代表者や財務担当取締役、監査役、会計監査人らの法的責任があるのかどうか、といった個別事例に関する意見は控えますが、とりあえず法的責任の有無について検討すべき視点をここに提供させていただこうかと思います。私が過去にエントリーいたしました「三洋電機粉飾疑惑と会計士の判断(1)」と「金融庁が三洋電機に課徴金納付命令見送り?」にそれぞれコメントをいただいた方々の意見であります。(いずれも、今年の3月ころに書いたエントリーでありますが、いま読み返してみますと、ずいぶんと恥ずかしいことを平気で書いています(^^;;このように恥ずかしいことを書いているにもかかわらず、非常に貴重なコメントをいただいているところに、改めて感謝いたします )

まず、元会計士さんのコメントでありますが、今回の三洋電機社の過年度決算訂正問題のどこが核心か、という点については、私もこの元会計士さんのコメント内容にほぼ同意見であります。(以下引用)

本件の争点は子会社株式の評価と言うことだと認識しています。子会社株式の評価は原則として、当該子会社の財政状態(純資産)及び今後の事業計画により判断します。通常はこの純資産から算出される実質価額が取得価額の50%程度を下回った場合には、財政状態が著しく悪化していると考えられます。

しかし、著しく悪化している場合でも、事業計画等で回復可能性が十分な証拠によって裏づけされる場合には、減損処理を行なわないことが認められています。

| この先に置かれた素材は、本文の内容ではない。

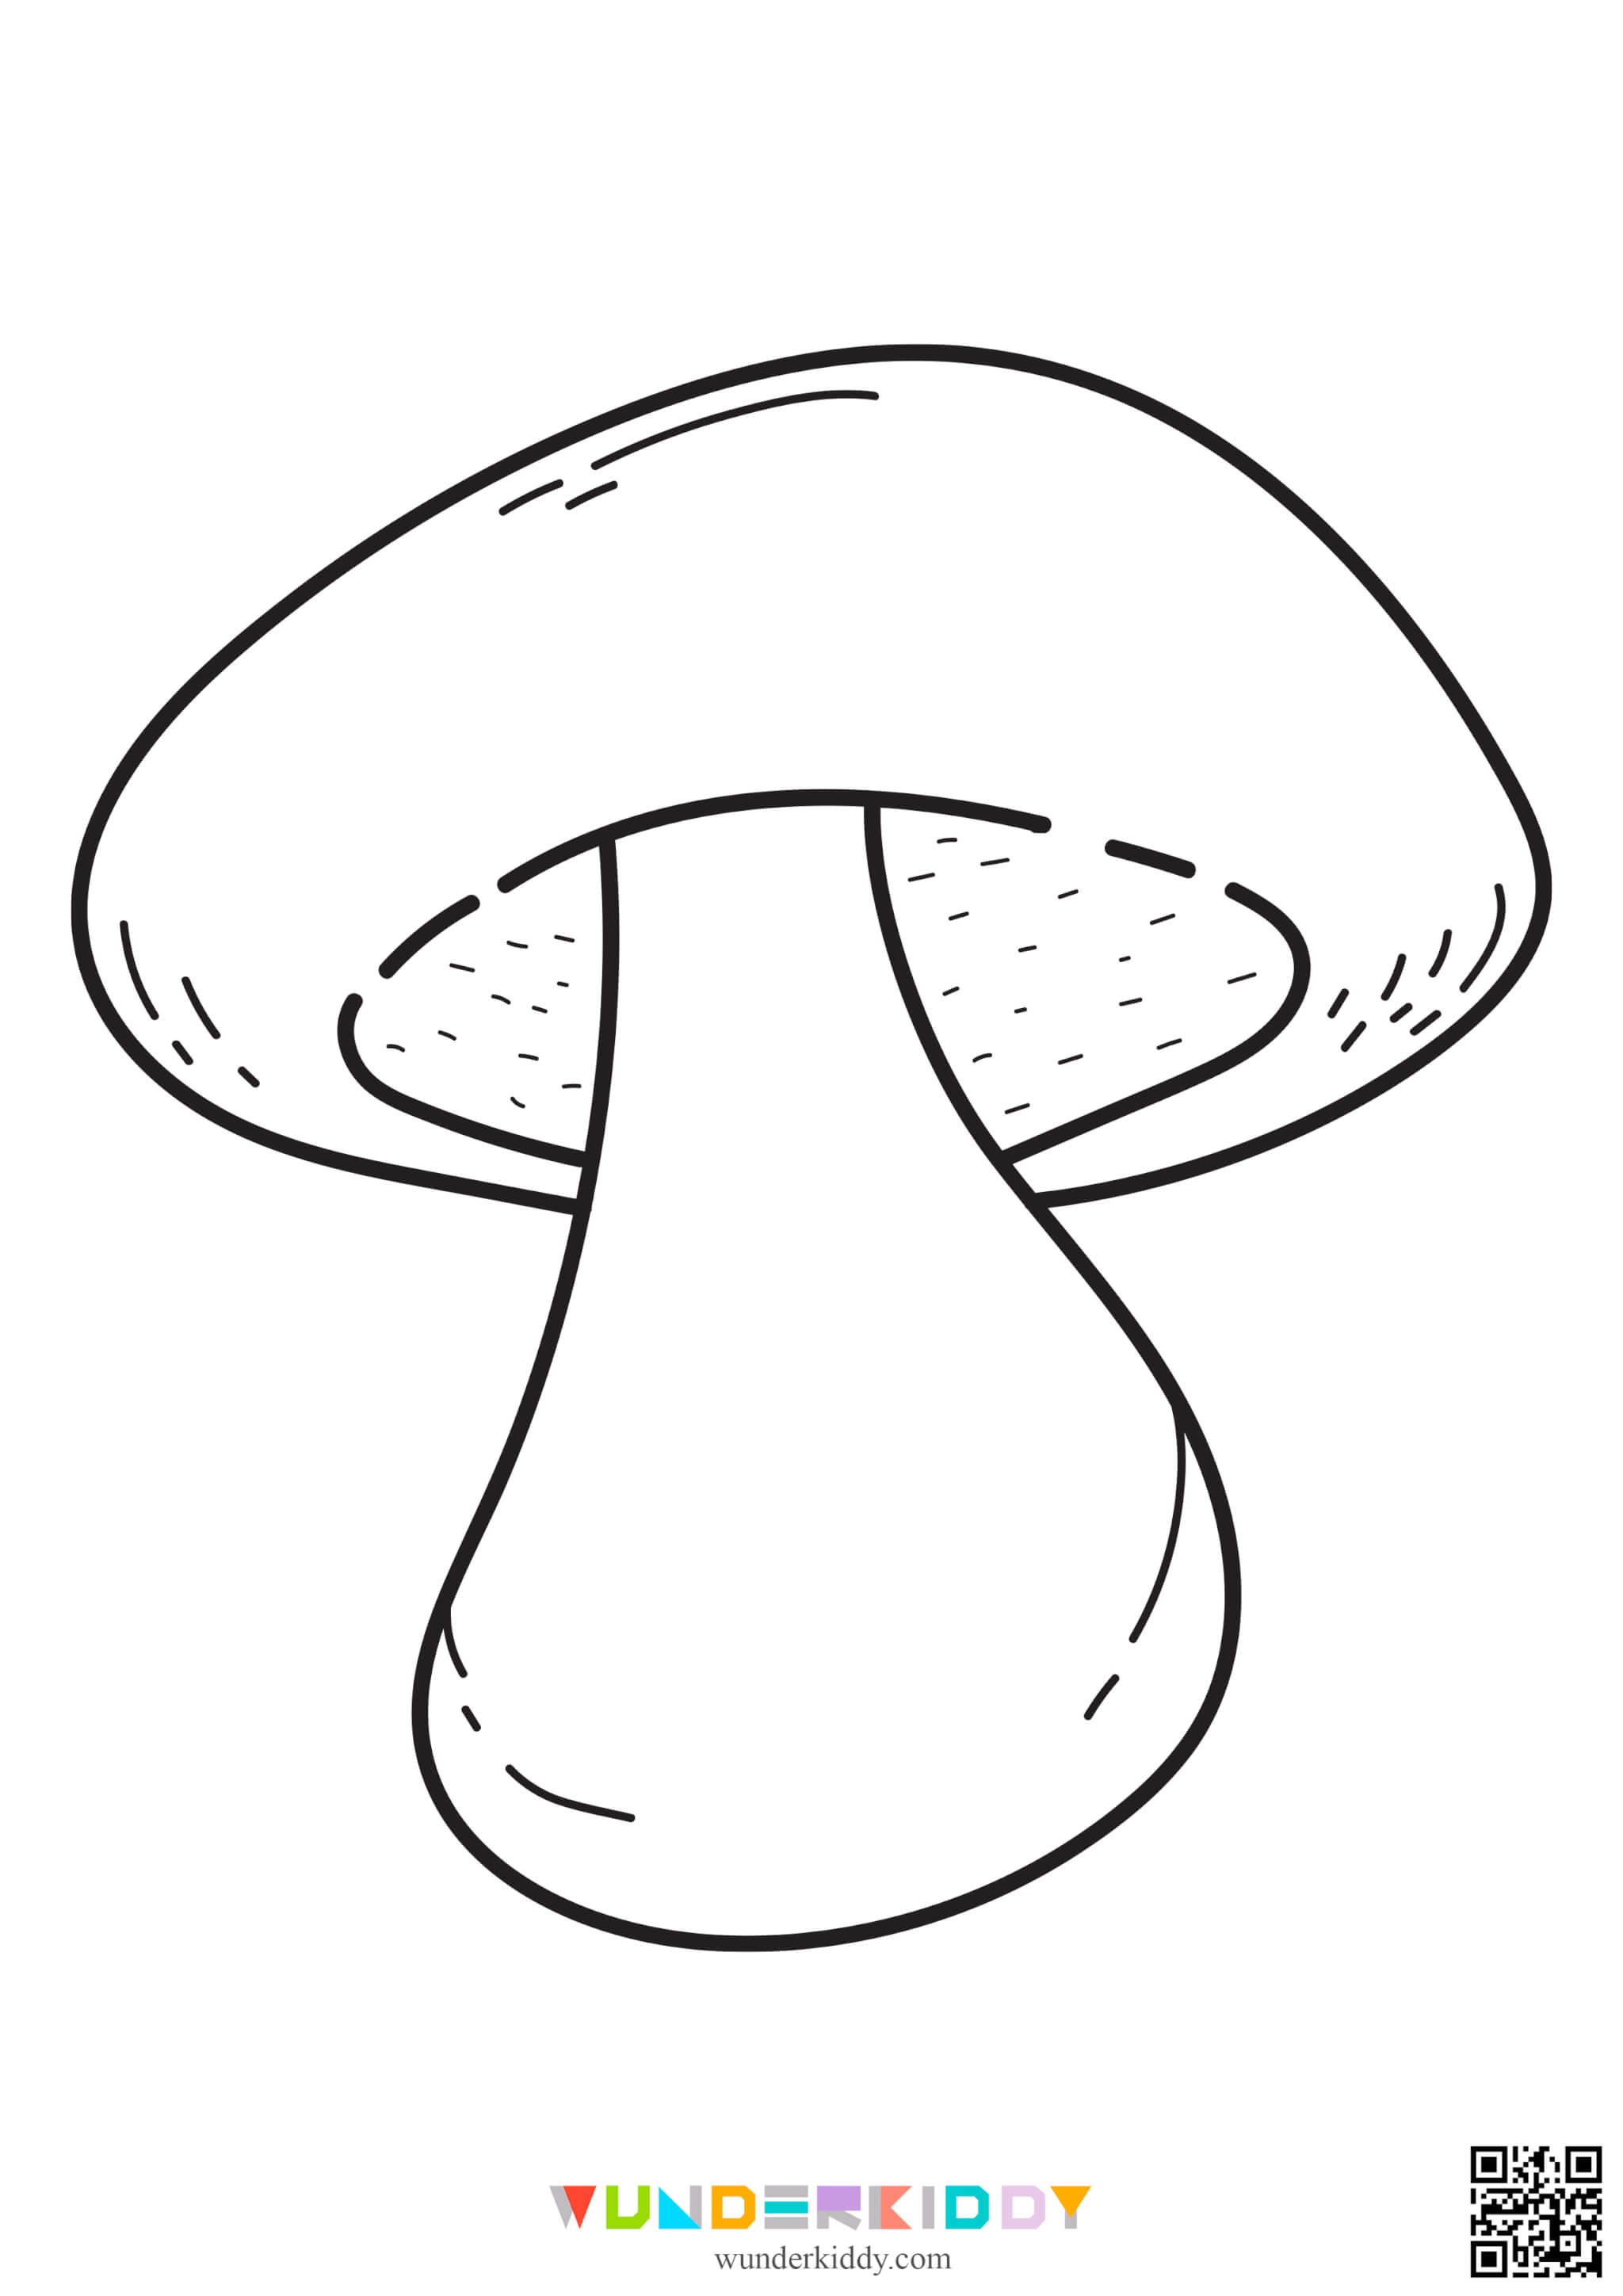 Coloring Pages of Mushrooms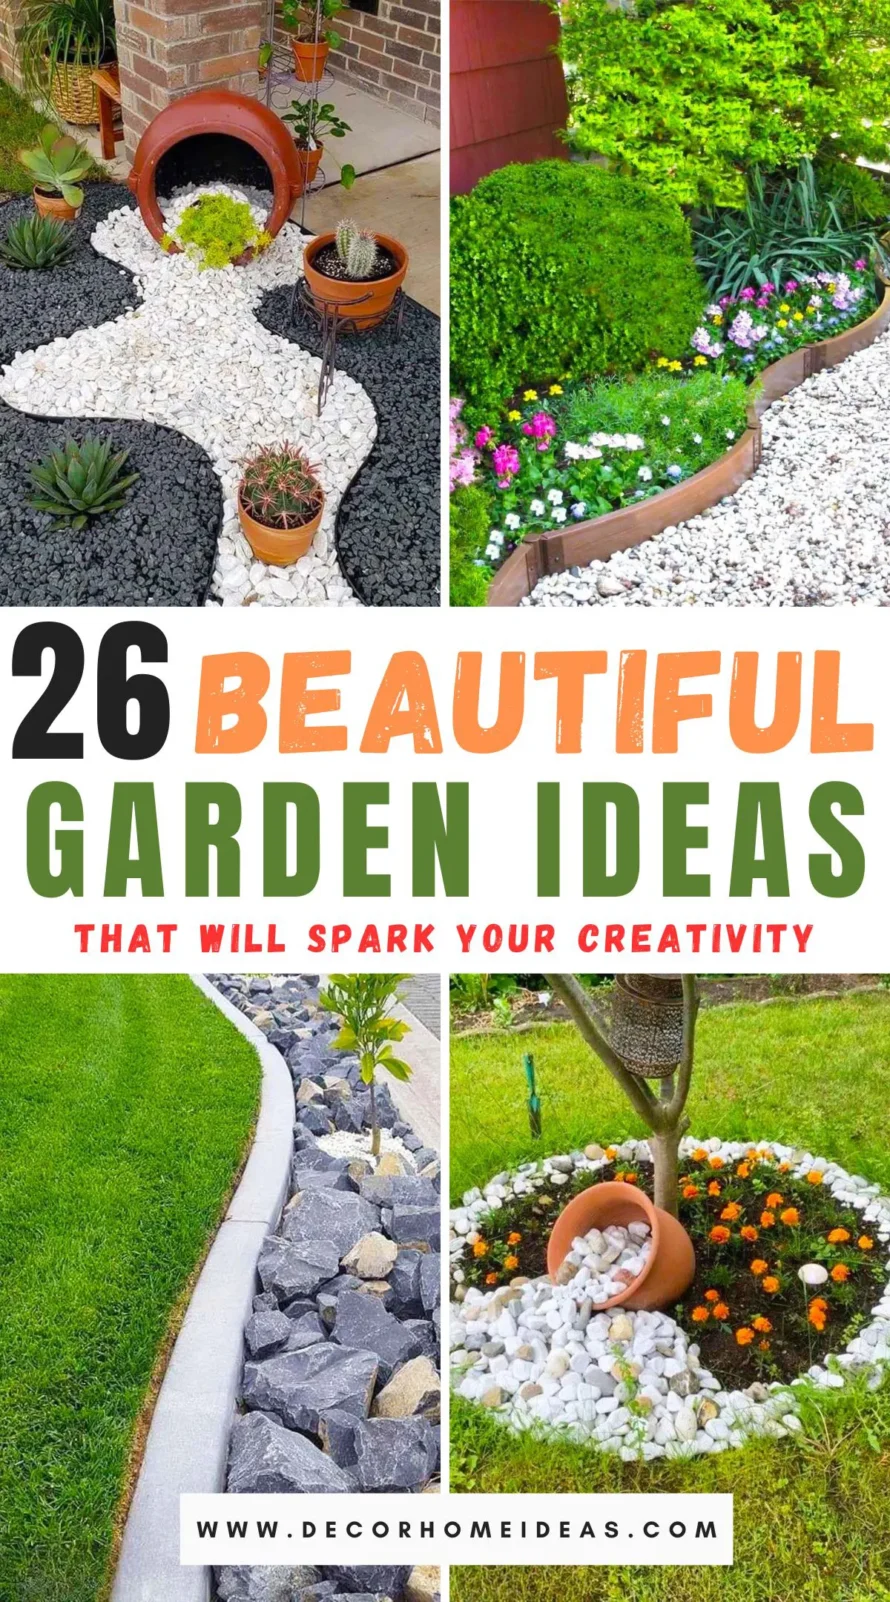 Discover 26 unique garden designs that will ignite your creativity and transform your outdoor space. From quaint cottage gardens to modern minimalist landscapes, find inspiration to create your own garden paradise. Dive in to explore these unforgettable ideas!

本件は、おそらく財政状態の著しい悪化は明確になっていたが、事業計画等の評価の判断の問題であったと思われます。事業計画の評価は毎期行なわれるので、時点が異なれば当然評価が変わり、ある時点で減損処理を行うという判断になります。
問題は事業計画の評価を監査法人が適切に行なえるか?と言うことだと思います。一般的には、会社が公式に作成した事業計画を監査法人が否定することは、非常に難しいです(否定できる根拠が無い)。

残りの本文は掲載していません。